Court of Appeals of Nevada
Feb 15, 2023
No. 84100-COA (Nev. App. Feb. 15, 2023)

Opinion

84100-COA

02-15-2023

JOSEPH FLEMING-EDWARDS, A/K/A JOSEPH UYLSSES FLEMING, Appellant, v. THE STATE OF NEVADA, Respondent.


UNPUBLISHED OPINION

ORDER OF REVERSAL AND REMAND

GIBBONS C.J.

Joseph Fleming-Edwards (Fleming) appeals from a judgment of conviction, pursuant to a jury verdict, of ownership or possession of firearm by prohibited person. Eighth Judicial District Court, Clark County; Christy L. Craig, Judge.

On December 3, 2020, at around 4:45 a.m., LVMPD Officer Quinn Lamboo noticed a white Dodge Charger approaching from the opposite direction with its high beams illuminated. Officer Lamboo followed the Charger, paced it going 60 miles per hour in a 45 miles per hour zone, and initiated a traffic stop. According to Officer Lamboo, the Charger took a "prolonged amount of time to stop." Once the Charger had pulled over, Officer Lamboo called for backup.

We recount facts only as necessary for our disposition.

Fleming does not dispute the validity of the initial traffic stop.

Officer Lamboo contacted the driver, identified as Fleming, and requested Fleming's license, insurance, and registration. Fleming provided the documents, which Officer Lamboo took back to his vehicle to conduct a records check.

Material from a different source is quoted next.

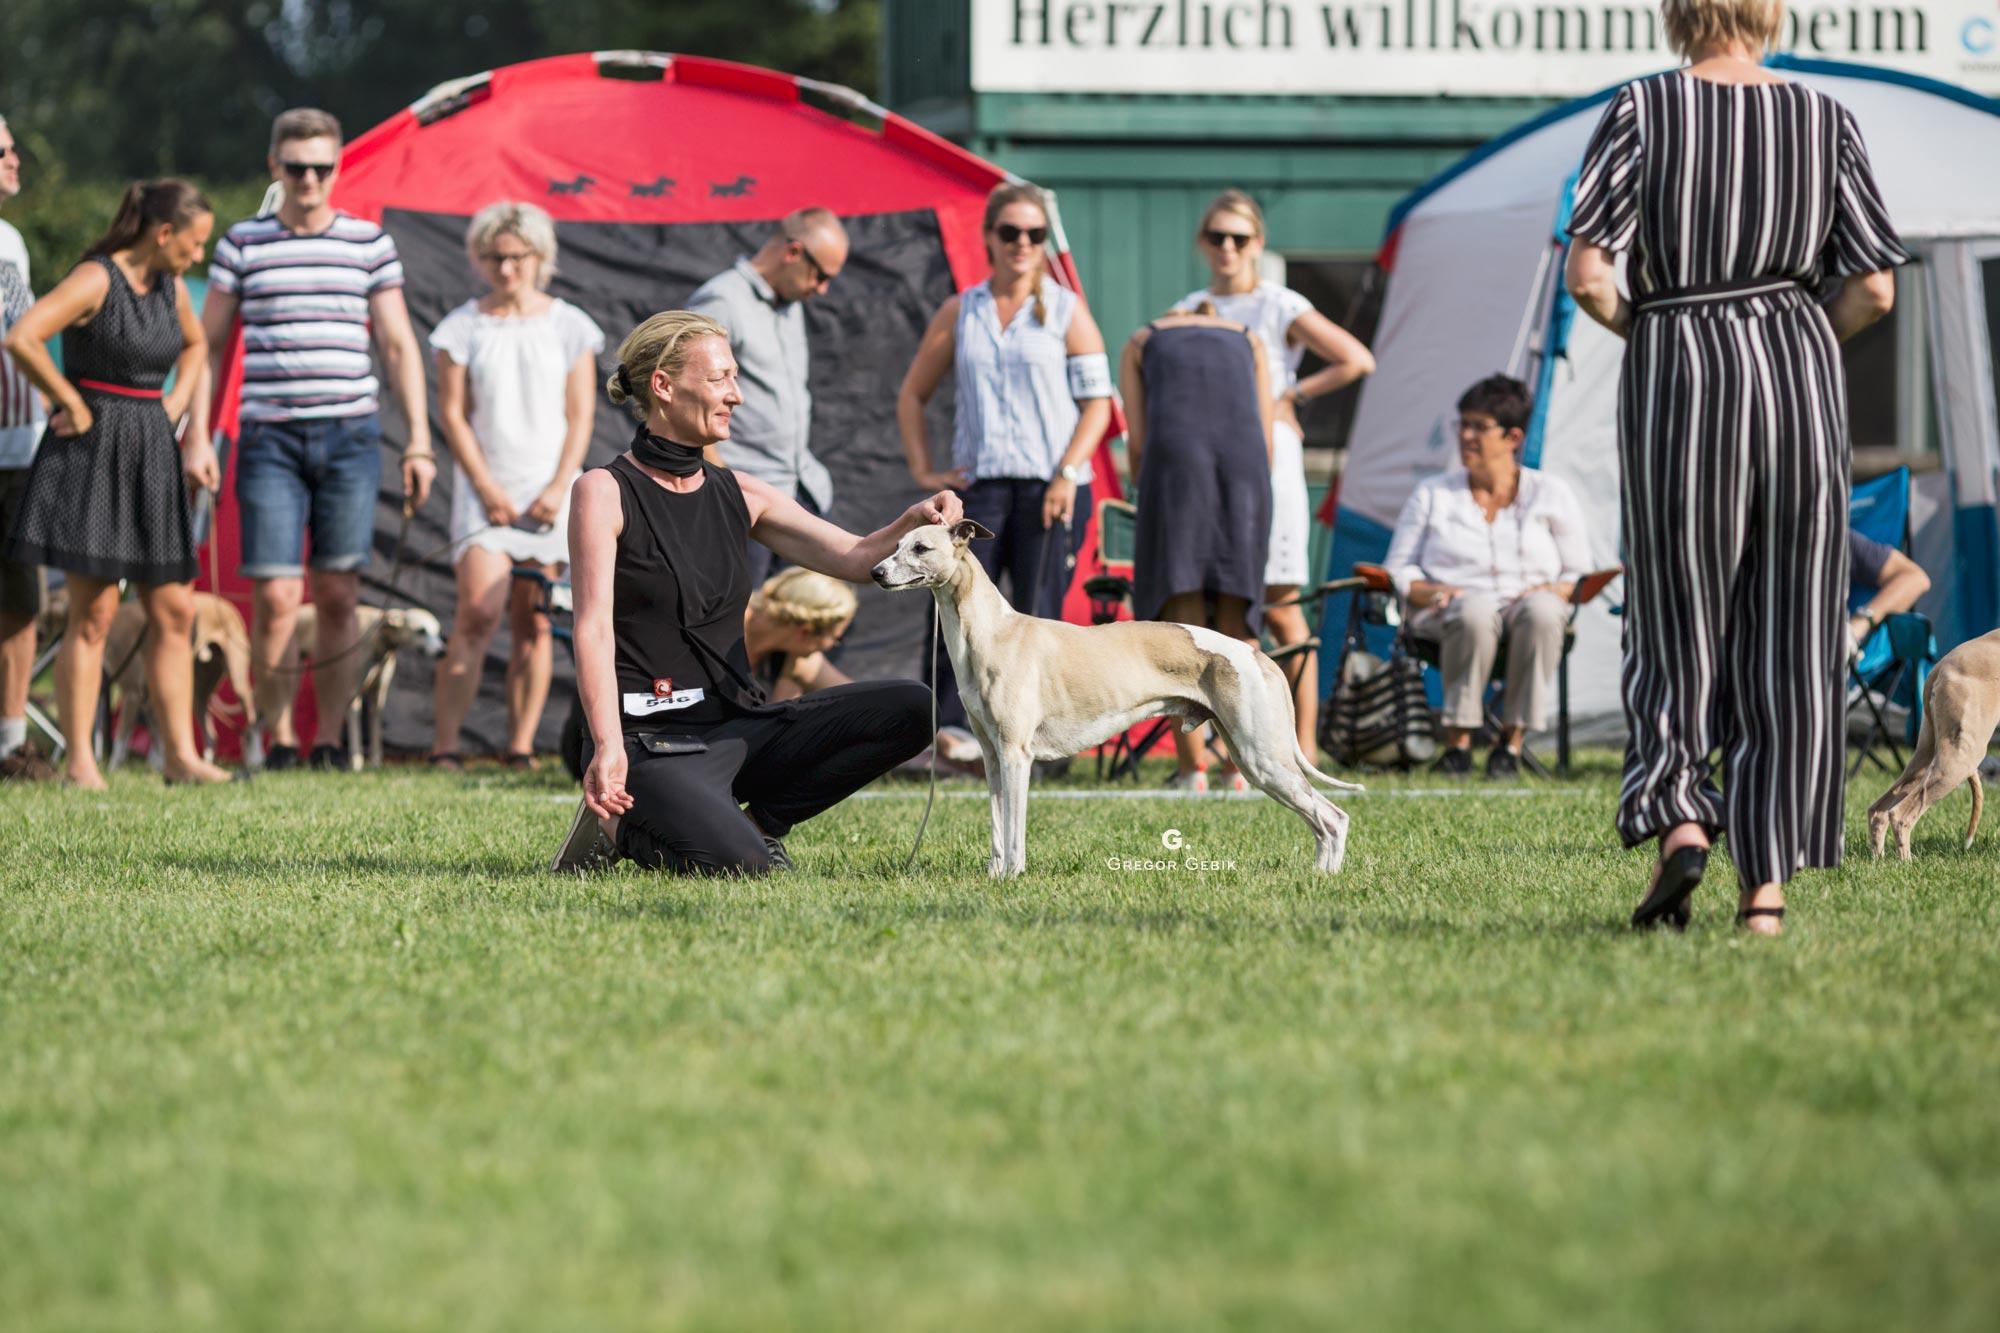 Veteran Winner Donaueschingen 2018 - Mono, Conte del Aqua semper-crescendo beim Sighthound Festival Donaueschingen 2018, Richterin: Pauline Oliver /GB, Foto: Grzegorz Gebik 2018

The records check disclosed arrests (but not convictions) for prior violent offenses as well as an arrest for murder of a police officer with the use of a deadly weapon. While Officer Lamboo was still in his patrol vehicle, backup Officer Jaime Gallegos arrived. Officers Lamboo and Gallegos returned to Fleming's car together and found him on the phone with his girlfriend. Officer Lamboo asked Fleming to exit the vehicle to conduct a field interview. Fleming initially declined, but after a conversation with Officer Lamboo lasting approximately one minute, he exited the vehicle when Officer Lamboo promised he could remain on the phone with his girlfriend.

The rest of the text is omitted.